Latency (RTX PRO Blackwell)
| Endpoint | Mode | Speed |
|---|---|---|
Audio /audio/generations | sync | first audio ~85–120ms / under 1s for short text |
Image /images/generations | sync | ~4s (1024², 20 steps) |
Video /videos/generations | async job | ~60–90s (poll the job id) |
Authentication
Send your API key as a Bearer token on every request. Issue keys from the API Management page (the plaintext is shown only once at creation).

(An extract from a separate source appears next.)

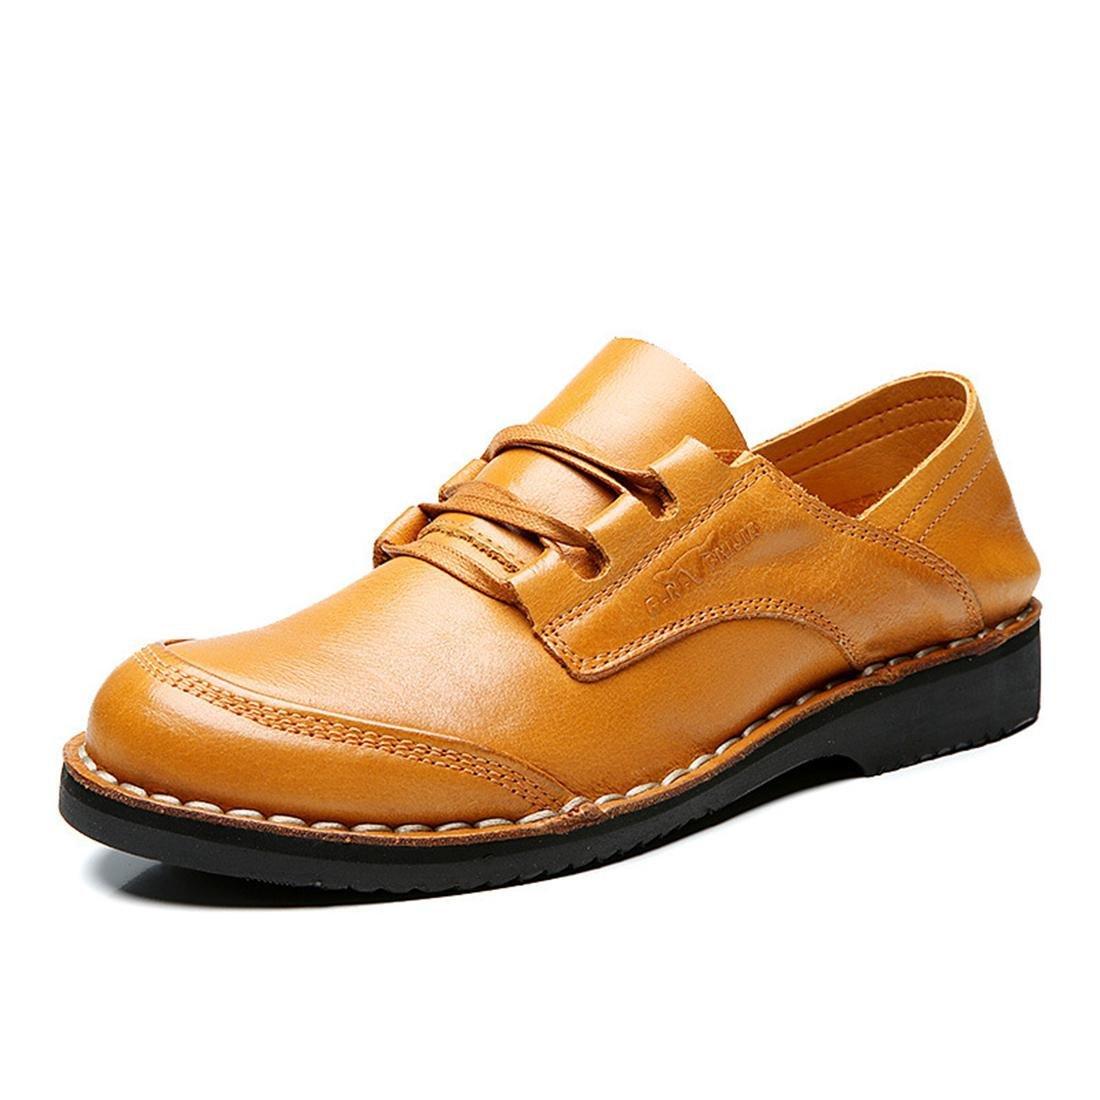 Herren Mode Lederschuhe Lässige Schuhe Licht Gemütlich Freizeitschuhe Flache Flache Flache Schuhe Rutschfest Atmungsaktiv Lazy Schuhe EUR GRÖSSE 38-44 54ea15

Authorization: Bearer kotonia_xxxxxxxxxxxxxxxxxxxxxxxxxxxxxxxx
Image API
curl -X POST https://kotonia.ai/api/v1/images/generations \
-H "Authorization: Bearer $KOTONIA_API_KEY" \
-H "Content-Type: application/json" \
-d '{
"prompt": "a serene japanese garden at dawn, soft light",
"size": "1024x1024",
"steps": 20
}'
# → { "data": [ { "b64_json": "<PNG base64>" } ], "timing": { "total_ms": 4200 } }Optional: seed, guidance_scale, shift, ref_image (base64, edit mode). Limits: prompt ≤ 4000 chars, size 256–2048 per side (out-of-range returns 400).
Audio API
curl -X POST https://kotonia.ai/api/v1/audio/generations \
-H "Authorization: Bearer $KOTONIA_API_KEY" \
-H "Content-Type: application/json" \
-d '{
"input": "Hello, what a lovely day.",
"engine": "qwen3",
"language": "en"
}'
# → { "audio": { "b64": "<WAV base64>", "format": "wav", "sample_rate": 24000 },
# "timing": { "first_byte_ms": 92, "total_ms": 480 } }engine: qwen3 (default, multilingual) / irodori / voicevox. Optional: voice, speed, instruct. Limits: input ≤ 4000 chars.
Video API (async)
# 1) submit job
curl -X POST https://kotonia.ai/api/v1/videos/generations \
-H "Authorization: Bearer $KOTONIA_API_KEY" \
-H "Content-Type: application/json" \
-d '{ "prompt": "a cat walking through neon-lit streets", "width": 768, "height": 512 }'
# → { "id": "<job_id>", "status": "queued", "poll_url": "/api/v1/videos/generations/<job_id>" }
# 2) poll
curl https://kotonia.ai/api/v1/videos/generations/<job_id> \
-H "Authorization: Bearer $KOTONIA_API_KEY"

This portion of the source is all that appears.